I also reached out to the Legal Council for Health Justice in Chicago. The council provided the following:
Are my injuries serious enough to have a good case? Each law firm is going to have their own opinion on how severe injuries must be to have a strong case.
A case can take a long time to settle. Even if a claim is settled before trial, it could still take years before plaintiffs see any award. Going to trial or additional appeals can further delay resolution.
If you want to file your own claim, you will need to find a law firm willing to represent you as an individual. You will need to have a strong claim, serious injuries, and be willing to participate in litigation.
By contrast, in a class action a group of people with the same or similar injuries caused by the same product or action sue the defendant as a group. Your participation in a class action may be very minimal unless you are a named plaintiff. Named plaintiffs are representatives of the class and are named in the lawsuit. They participate more in the case and can get a larger portion of any award.
Law firms representing consumers usually get paid by taking a percentage of the final award. If their clients lose the case, they do not get paid. If their clients win, it is common for a law firm to take around 40%.

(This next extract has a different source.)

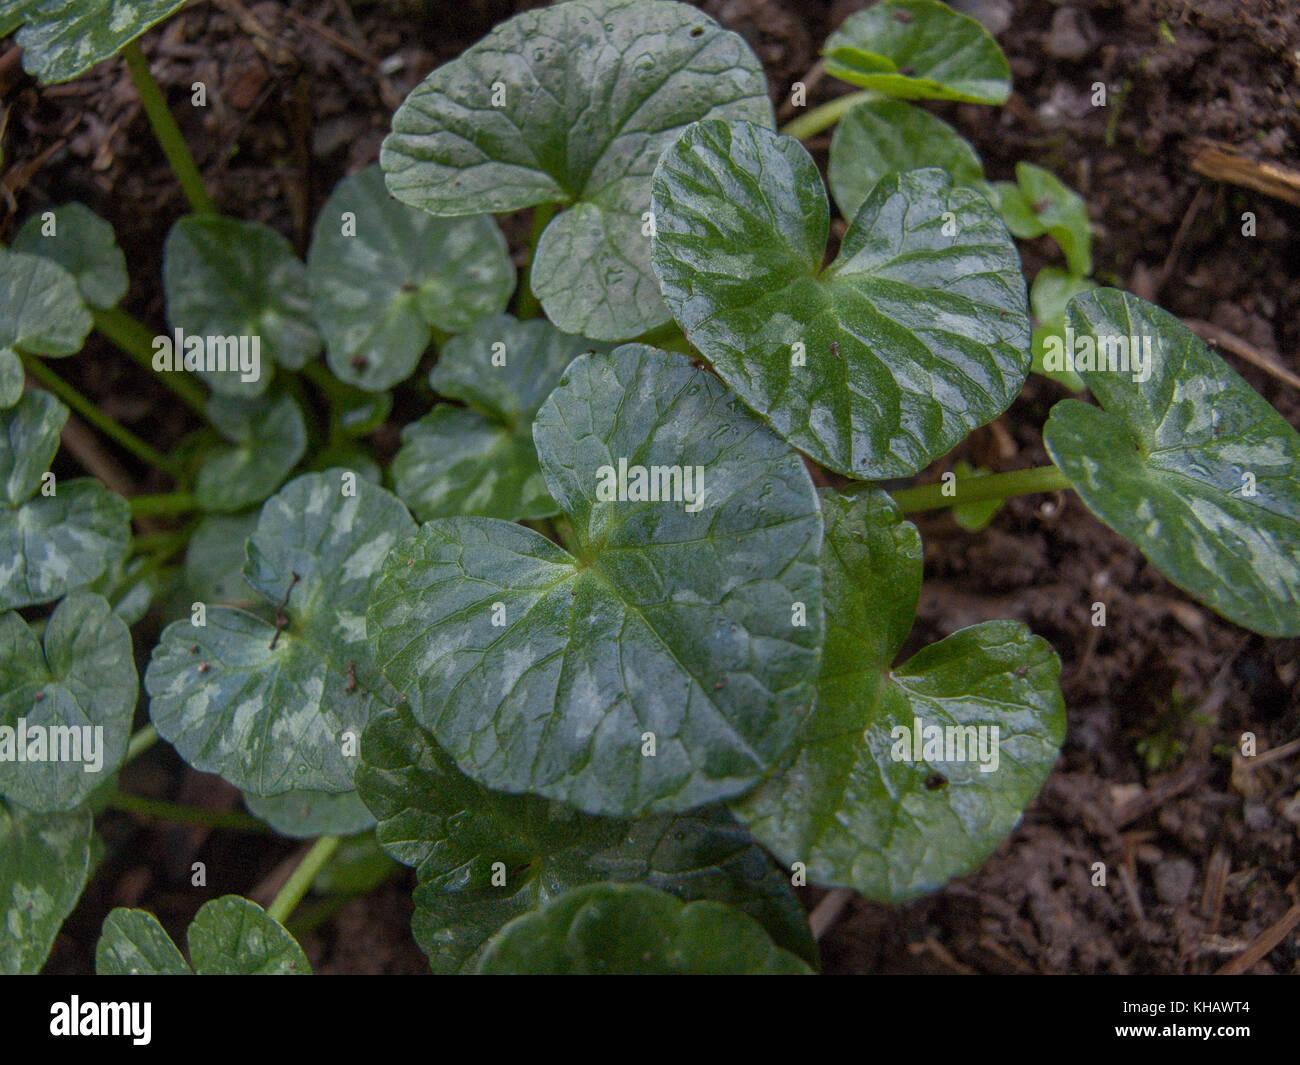 Leaves of Lesser Celandine (Ranunculus ficaria). - Stock Image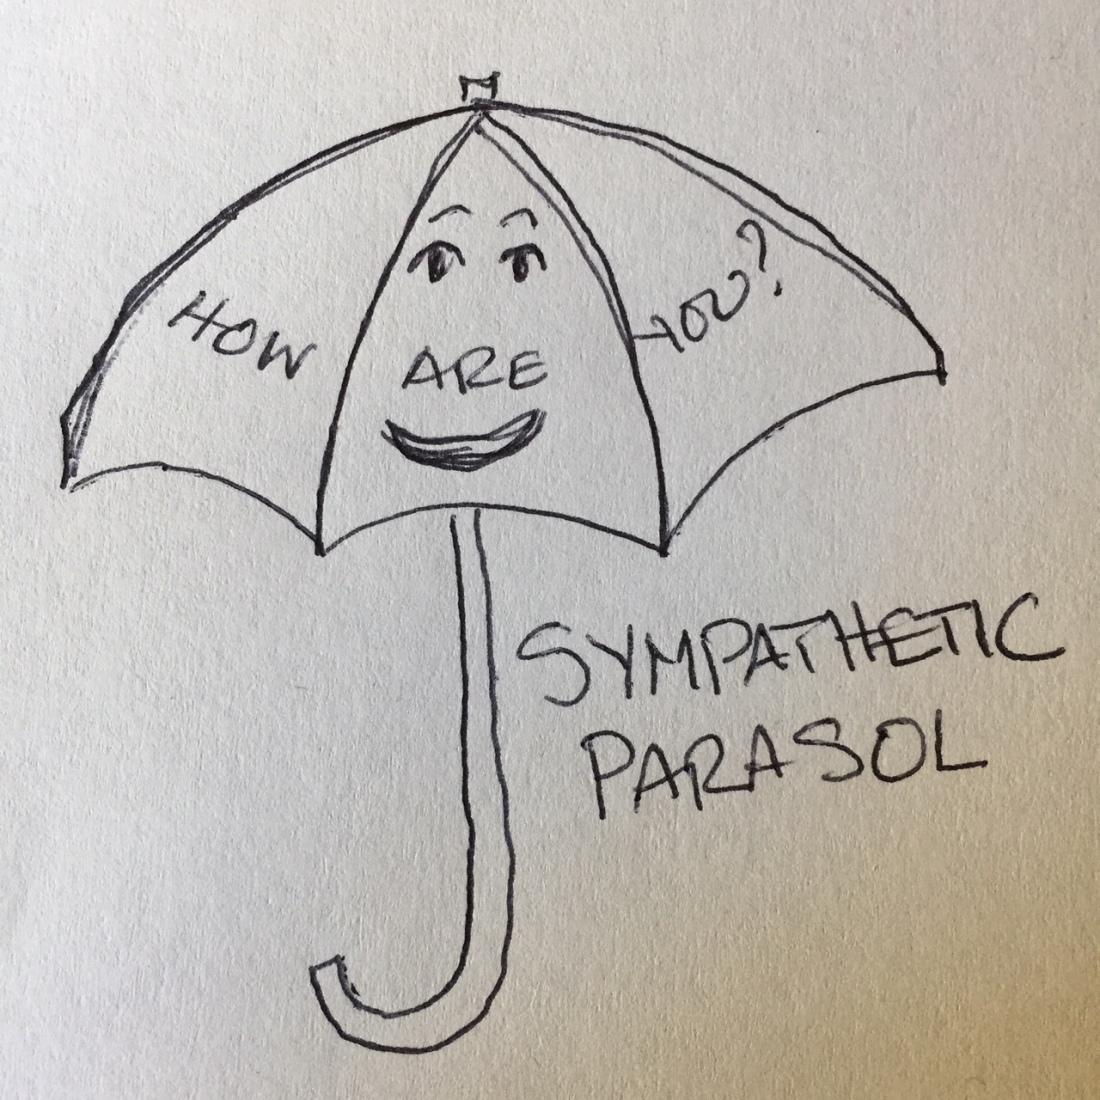 Sympathetic Parasol

It can be exciting to hear about cases with multi-million dollar settlements. However, even if a class action is settled for a large amount of money, class members may only end up with a small portion. How much each person gets depends on many things, but a big factor is how many people are in the class.
Imagine a class action is settled for $5 million and there are 5,000 class members. First, the law firm will take their fee and additional funds to cover court costs. If the law firm takes 40%, that leaves less than $2 million to be divided among the plaintiffs. Even if named plaintiffs and class members receive an equal amount of the settlement, they would each get $400.
This is not to discourage participation in class actions, but it is important to manage your expectations.
Here are a few things to think about when searching for a lawyer to represent you:
Consider talking to more than one law firm before you sign any agreement. It’s better to understand your options.
How well will the law firm communicate with you? Do they clearly explain the process and how long it may take? Will you have a point person you can contact? Will they provide you regular updates?
What will it cost you? What will they charge you for their services? Can they provide a clear list of costs? For example, will you have to pay for experts, medical consultation, and court costs?
SPECIAL THANKS to Jessica Rhoades, staff attorney at the Legal Council for Health Justice, for putting together this information.